Given that, churches considering leaving have sought court intervention. In February, Trinity on the Hill United Methodist Church in Augusta sued the conference, asking a judge to order the church's district superintendent to hold an official congregational disaffiliation vote in time for the upcoming conferencewide meeting.

The North Georgia Conference has argued the secular court lacks jurisdiction to hear the suits. But in her order Wednesday, Columbia County Judge Sheryl Jolly drew on Georgia precedent in her argument that the state could be a neutral party to adjudicate a dispute within a religious organization — which is not the case in every state.

On Wednesday, Jolly denied the North Georgia conference's motion to dismiss the suit and granted the requested injunction. Jolly also granted an injunction requested by Mann-Mize, which sued the conference in April, court documents show.
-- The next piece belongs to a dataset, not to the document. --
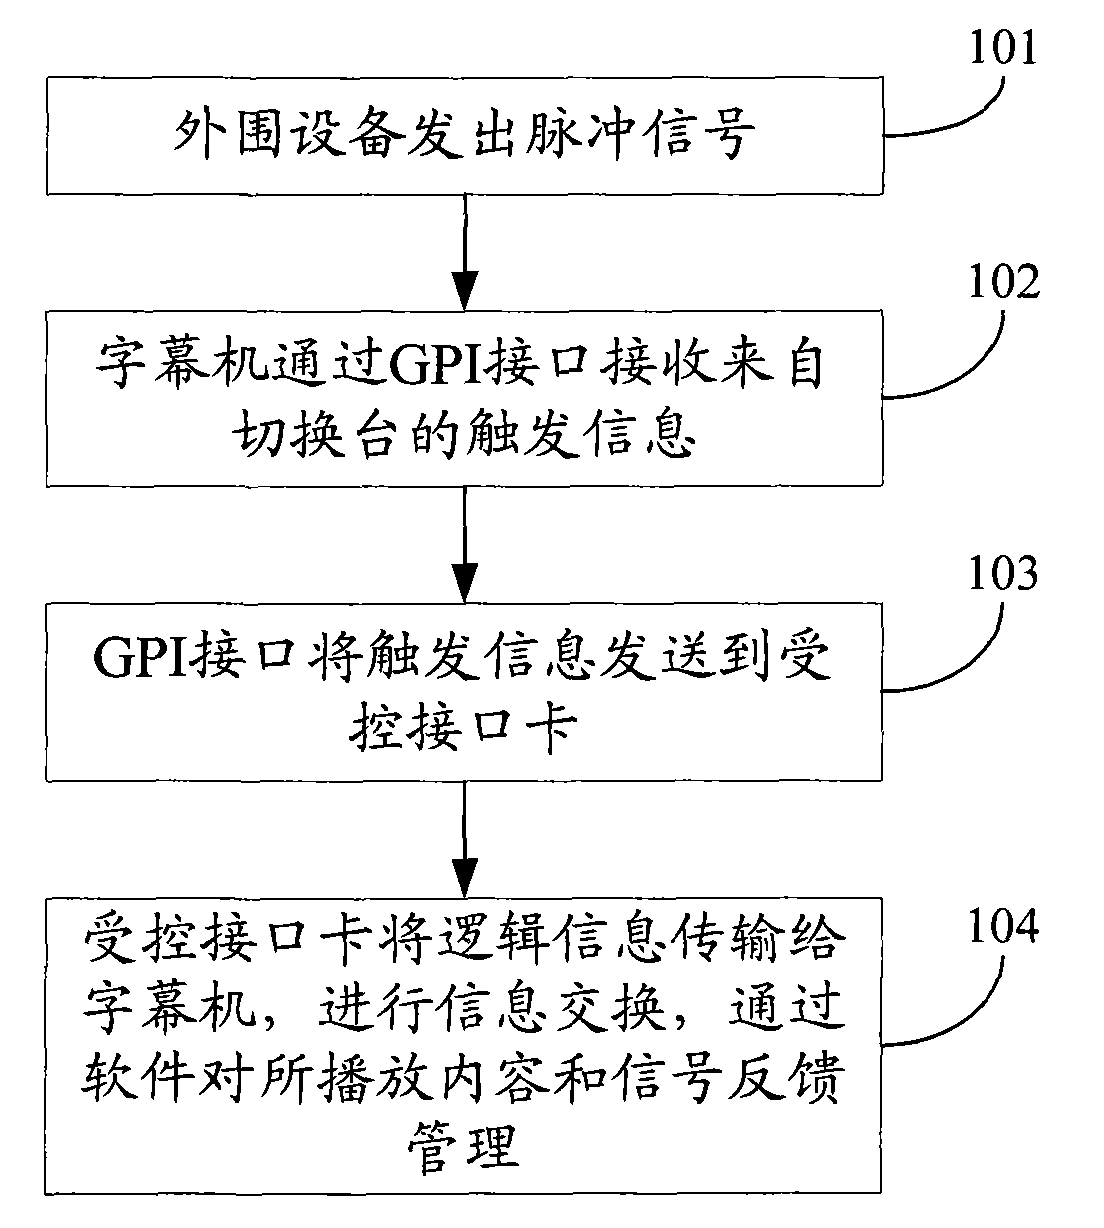 Realization method of caption machine with remote control interface

In the Trinity on the Hill case, the judge wrote that, upon initial review, "Plaintiffs have shown a substantial likelihood of success on the merits of their claims."

Her order responded to slightly different legal arguments than those made in the larger lawsuit. But the fact patterns are similar.

"It tracks every argument that we anticipate the other side making," said Dan Parr, an attorney for the 180-plus plaintiff churches in the separate suit, filed in Cobb County, where they are still seeking an emergency hearing.

In Georgia, Superior Court decisions, unlike Appellate Court decisions, are not binding upon other Superior Court judges, but they still have persuasive power, Parr said by phone Friday.

In a statement posted to its website Thursday, the North Georgia Conference said it plans to appeal.